Lawmakers push to yank DMS Secretary’s salary, saying ‘fiscal house is completely out of order’

Fed up with non-answers, the head of a House budget oversight committee has recommended suspending the salary of Pedro Allende, the secretary of the Department of Management Services.
Allende’s $210,842 pay would be pending satisfactory resolution of the agency’s outstanding problems, according to Vicki Lopez, a Republican from Miami Dade who chairs the House State Administration Budget Subcommittee.
On Thursday, she also recommended the firing and pay elimination of four controversial state Data Service employees Allende had hired. In addition, five more remote state employees have been found, Lopez said, two of them graphic designers.
The actions marked what Lopez described as the “grand finale” concerning recommendations on several agencies examined by the subcommittee, but particularly with respect to Allende who had been summoned with mixed success before the lawmakers multiple times.
“There is definitely growing concern that the department’s fiscal house is completely out of order,” said Lopez. “For all of these reasons and more, I will include proviso [language in the 2026 state budget] that places the Secretary’s salary rate and salary budget in reserve. Not a dime of it will be replaced or released until he can answer these basic questions or perform the statutorily required objectives. These are not overly complex issues.”
Several hours after the meeting concluded, the agency suddenly began responding on X, posting an excerpt video from the proceedings, and “setting the record straight,” replies it claimed answered the long sought-after information. “Contrary to what was said today, the Department has worked diligently to address all concerns raised by the committee from the very beginning of Session,” @FloridaDMS insisted.

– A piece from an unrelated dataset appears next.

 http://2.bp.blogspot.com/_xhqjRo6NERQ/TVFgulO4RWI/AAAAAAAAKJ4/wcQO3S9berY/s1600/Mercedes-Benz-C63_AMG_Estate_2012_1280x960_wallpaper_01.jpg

The problems Allende has been dodging began in January, soon after a scathing state audit unchallenged by Allende, was released, finding that the agency, which oversees a myriad of state operations, was unable to accurately account for millions of dollars worth of vehicles in the state’s fleet.
As the Florida Trident first reported, the audit was followed by the discovery that Allende had hired four state employees as part of DMS’ Data Team, all of them based out of state with little oversight, and was paying their commuting expenses to Tallahassee costing taxpayers tens of thousands of dollars, in addition to their six-figure salaries. Allende claimed that the hires were necessary in large part to complete a statutorily-required inventory and data catalogue, a project that remains years overdue. He has not answered questions posed by the Trident regarding prior relationships with the elite group.
The list of issues Allende has failed to explain or remedy following the subcommittee’s inquest includes a legally-required contract DMS failed to extend with People First, which handles the state payroll and benefits for state employees; the lack of a plan to address its $60 million expenditure to fix leaking garages in the Capitol Complex which continue to leak; millions of dollars more in revenue collected than needed to pay state telecommunication service costs; a long-ignored and growing $237 million deficit facing the state employees’ health insurance trust fund; and DMS’ abrupt severance of a lease with lawmakers of the 21st floor in the Capitol.
Lopez’ subcommittee was one of several tasked by the House Speaker with examining state agency spending, and how effectively those dollars were being utilized.
“We have a crisis of leadership at DMS that has resulted in a crisis of management,” said Lopez, later adding that she hoped that the governor was paying attention: “I liken DMS to the house that’s on fire. And you can see the fire in every single window of that house.”
The subcommittee’s budget recommendations will now become part of the overall House budget package. In the weeks ahead, both the House and Senate will craft the final budget for 2025-2026.